YOUR TASK
What you write must match, character for character, the lines from the one with "경기도의-벤처기업현황-홈페이지-업로드용" down to the one with "La foto blanco" in the listing below, minus its pictures.

RECORDS TO PROCESS
--------------------
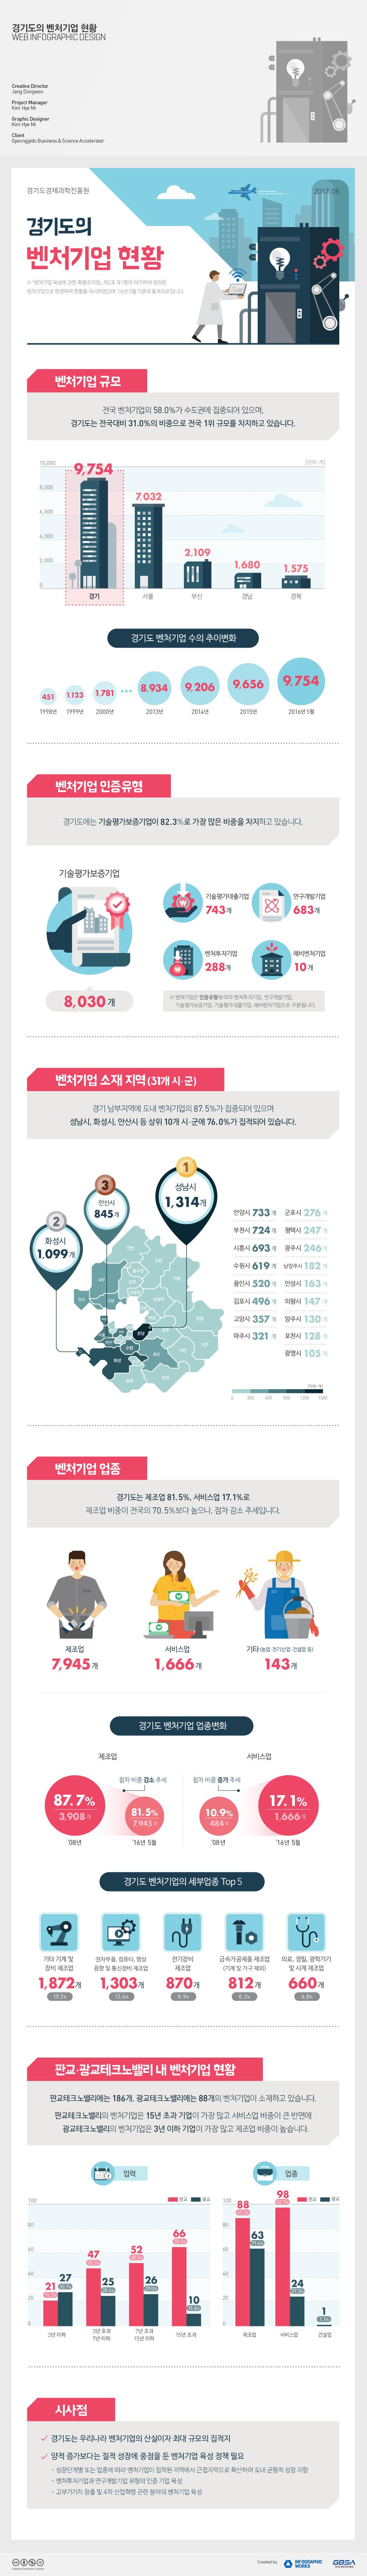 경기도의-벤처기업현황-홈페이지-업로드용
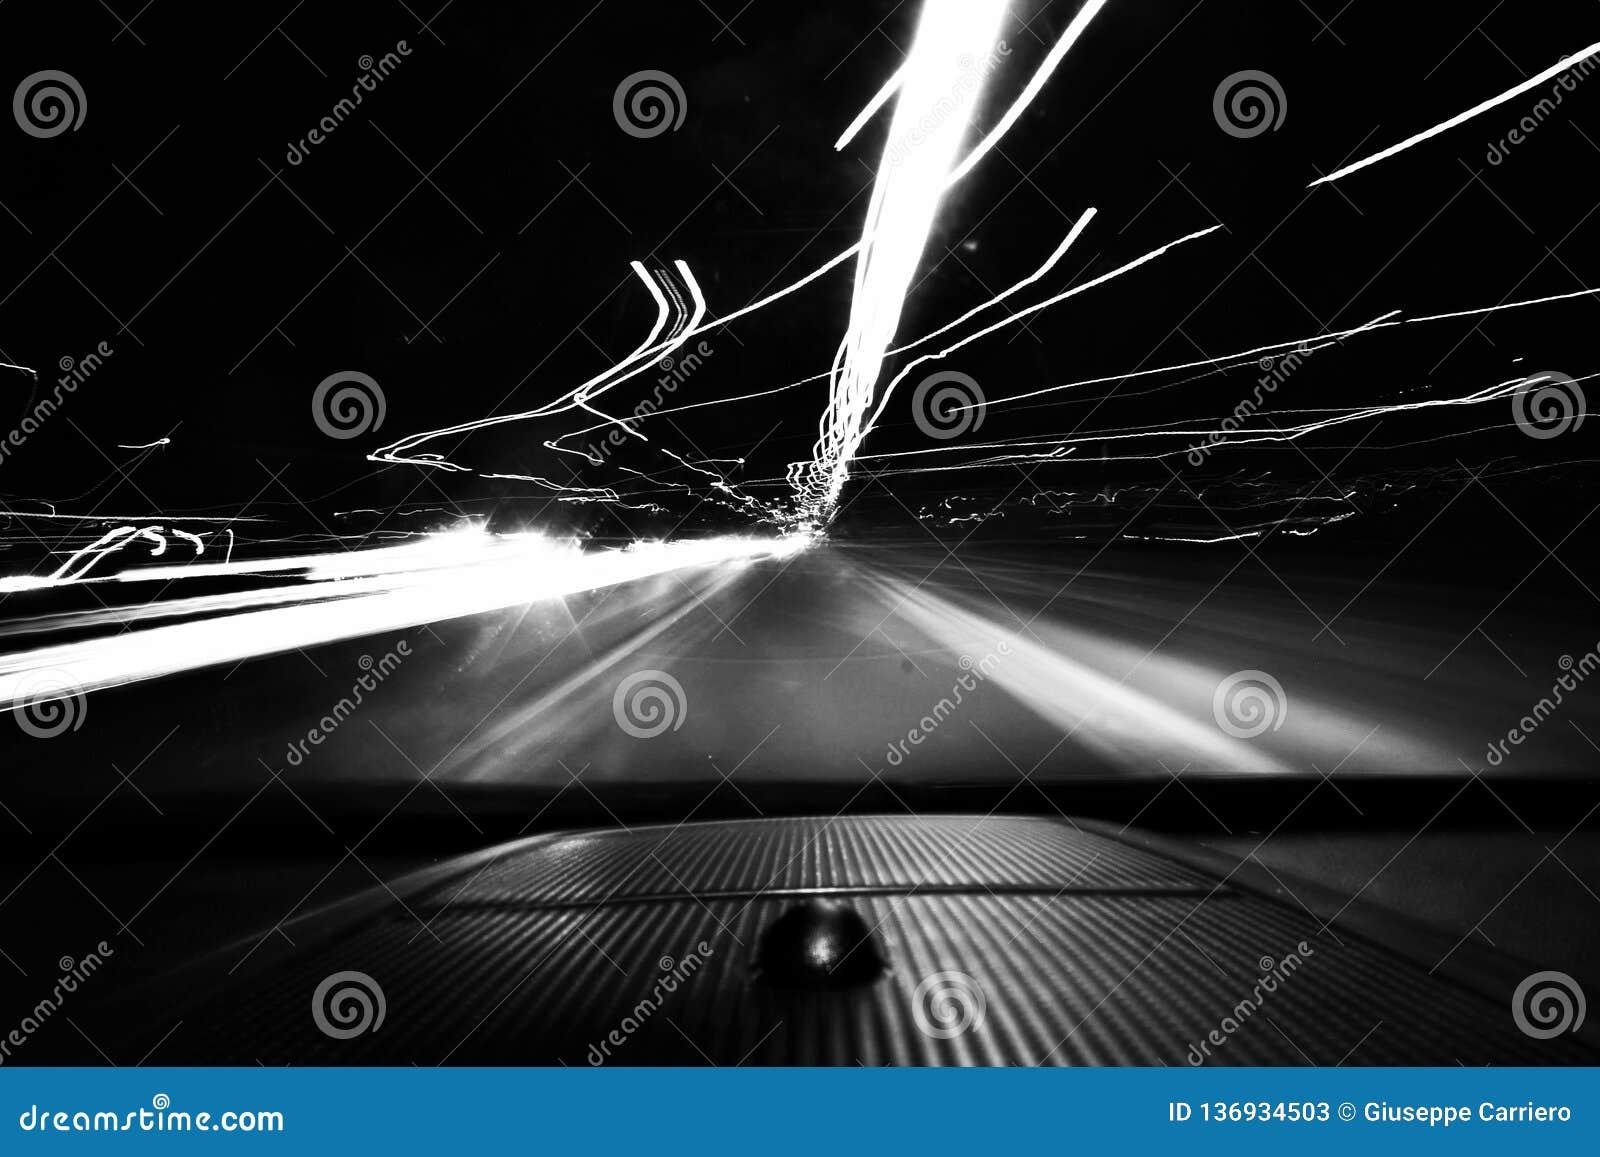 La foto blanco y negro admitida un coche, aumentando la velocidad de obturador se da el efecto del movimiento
--------------------
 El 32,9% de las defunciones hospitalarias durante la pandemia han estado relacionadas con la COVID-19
--------------------
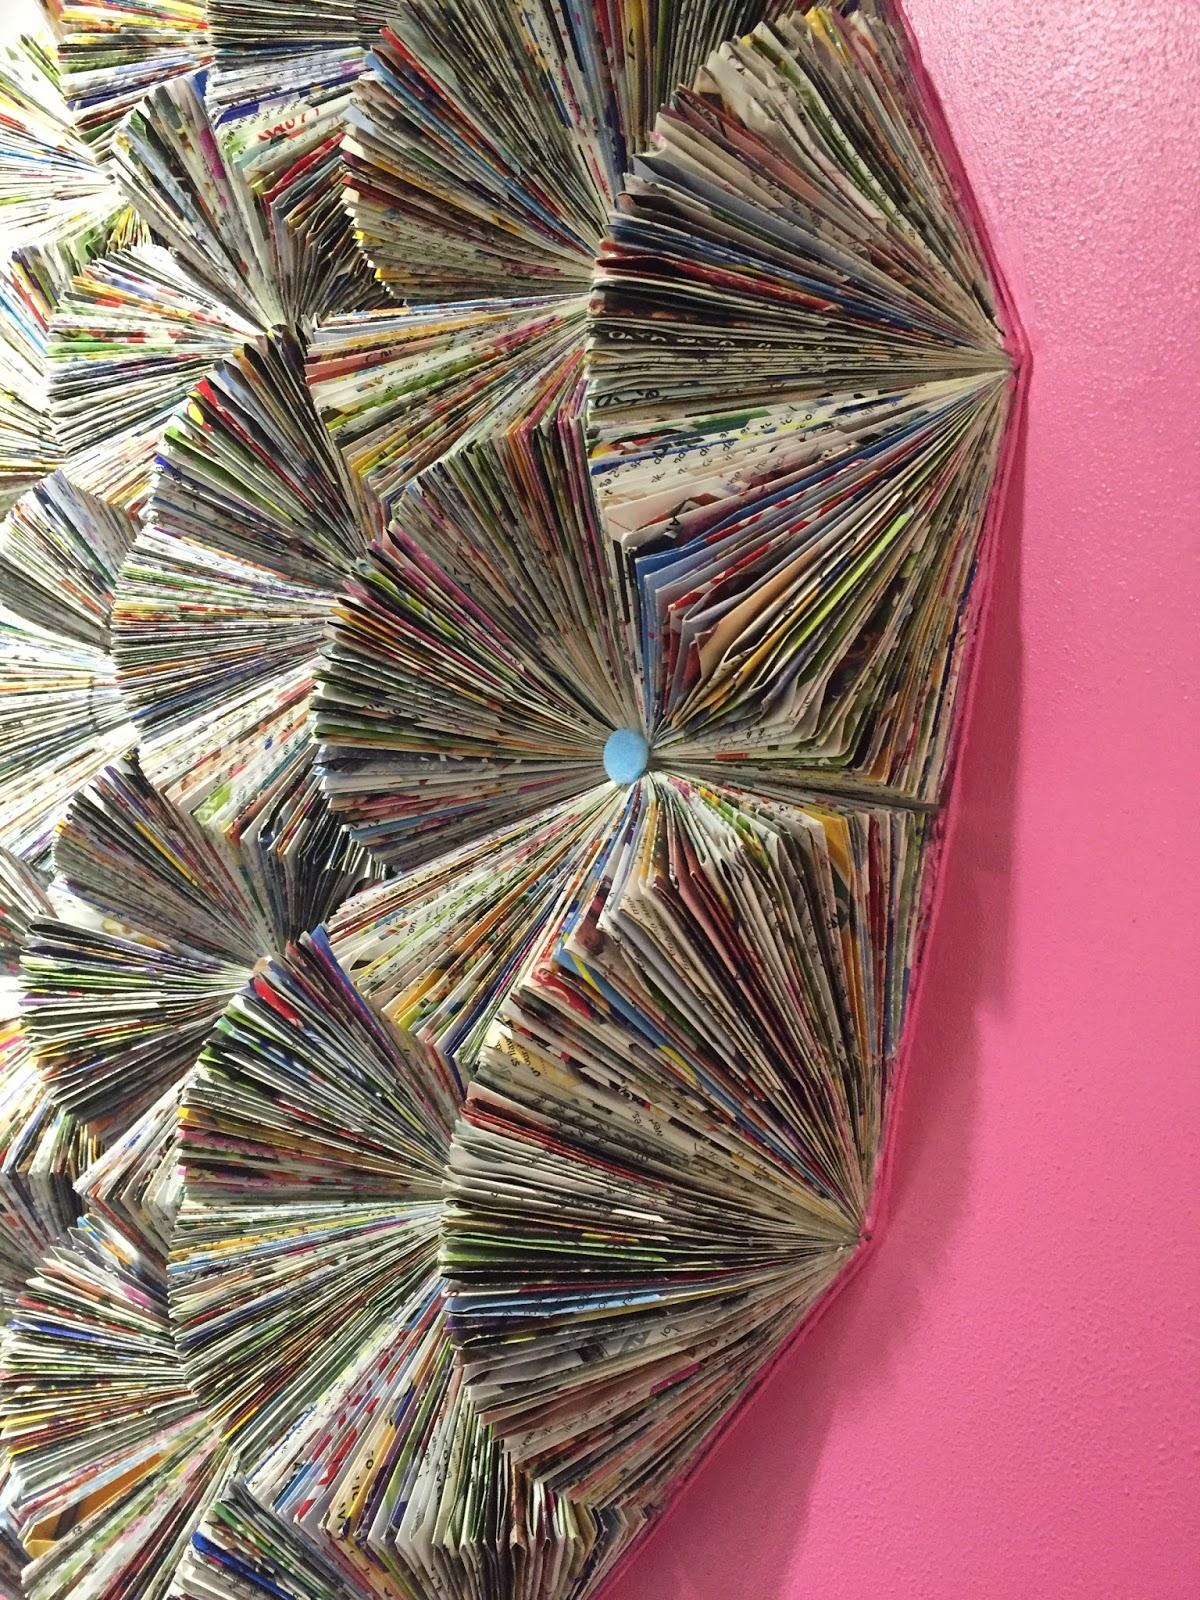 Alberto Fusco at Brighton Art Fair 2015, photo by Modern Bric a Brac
--------------------
WRITTEN REPLY
 경기도의-벤처기업현황-홈페이지-업로드용
 La foto blanco y negro admitida un coche, aumentando la velocidad de obturador se da el efecto del movimiento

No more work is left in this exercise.